**The data**.
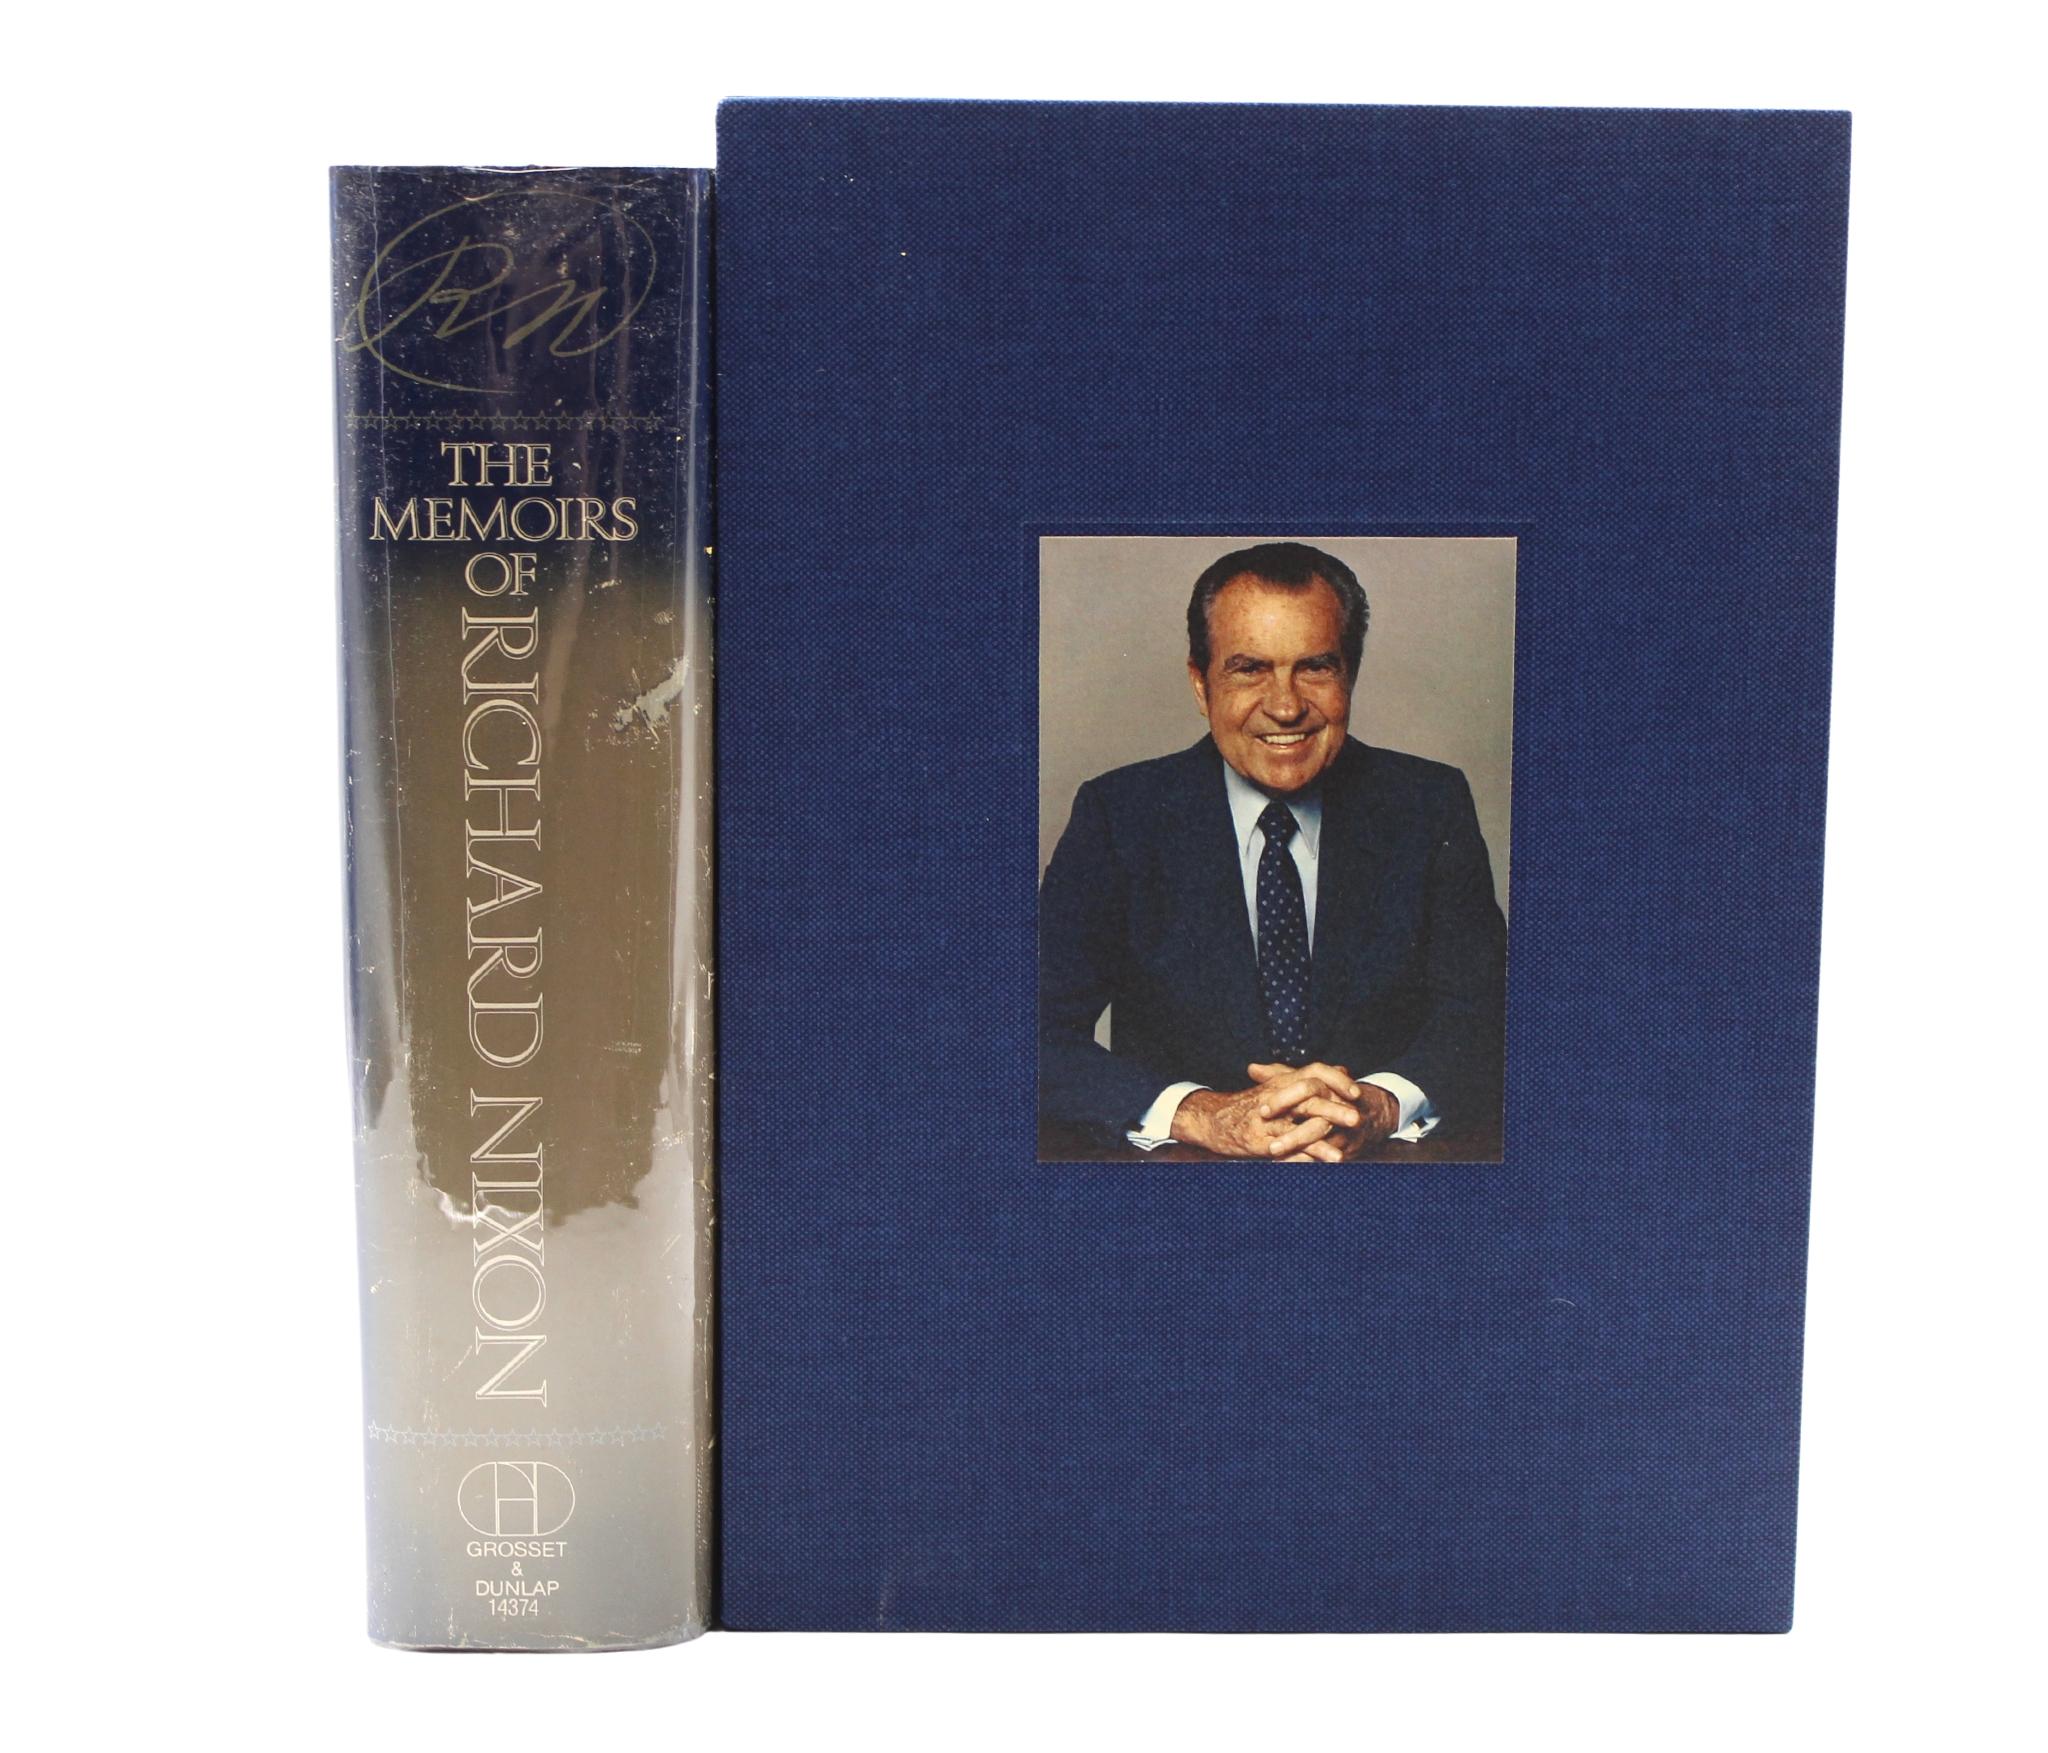 Nixon, Richard. Les mémoires de Richard Nixon. New York : Grosset & Dunlap, 1978. Première édition. Signé et inscrit sur un ex-libris collé. Dans sa jaquette et ses planches originales. Présenté dans un nouvel étui d'archivage. 

Il s'agit d'une
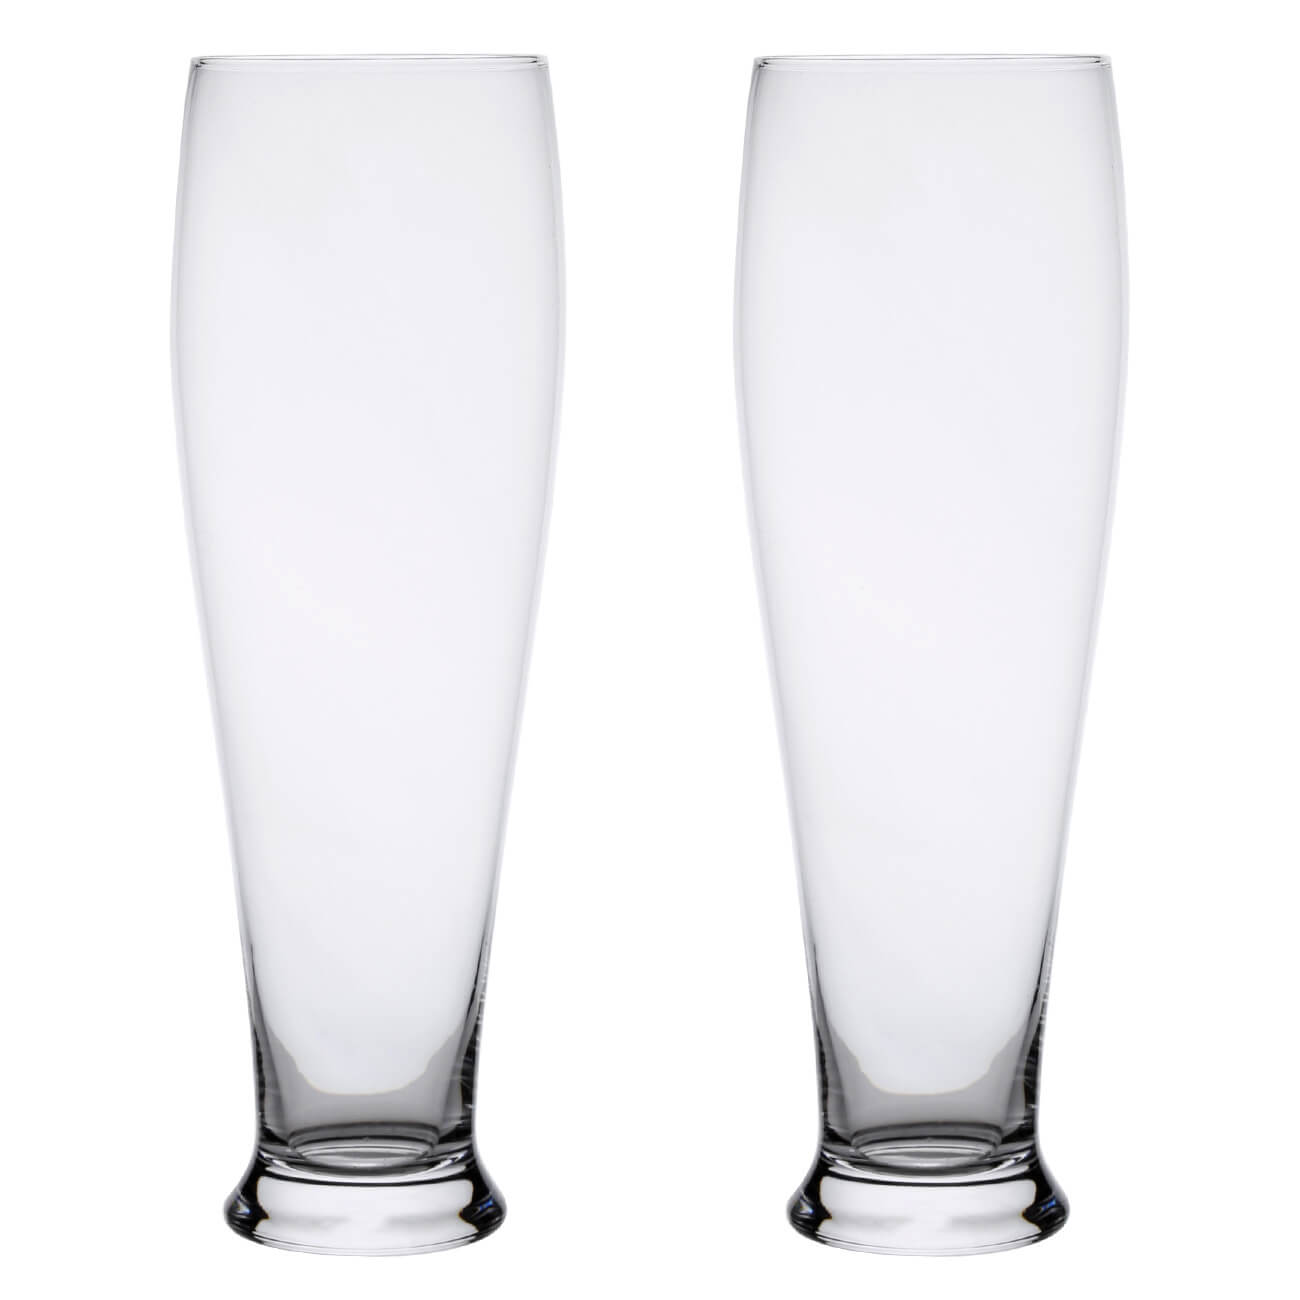 Стакан для пива, 650 мл, 2 шт, стекло, Clear стакан для пива luminarc тюлип пивные страны q1033 570мл

**Task prompt**. Where pictures appear, drop them, and reproduce exactly only the lines running from the beginning of the data to the line that contains "Il s'agit d'une", inclusive.

**Solution below**.
 Nixon, Richard. Les mémoires de Richard Nixon. New York : Grosset & Dunlap, 1978. Première édition. Signé et inscrit sur un ex-libris collé. Dans sa jaquette et ses planches originales. Présenté dans un nouvel étui d'archivage. 

Il s'agit d'une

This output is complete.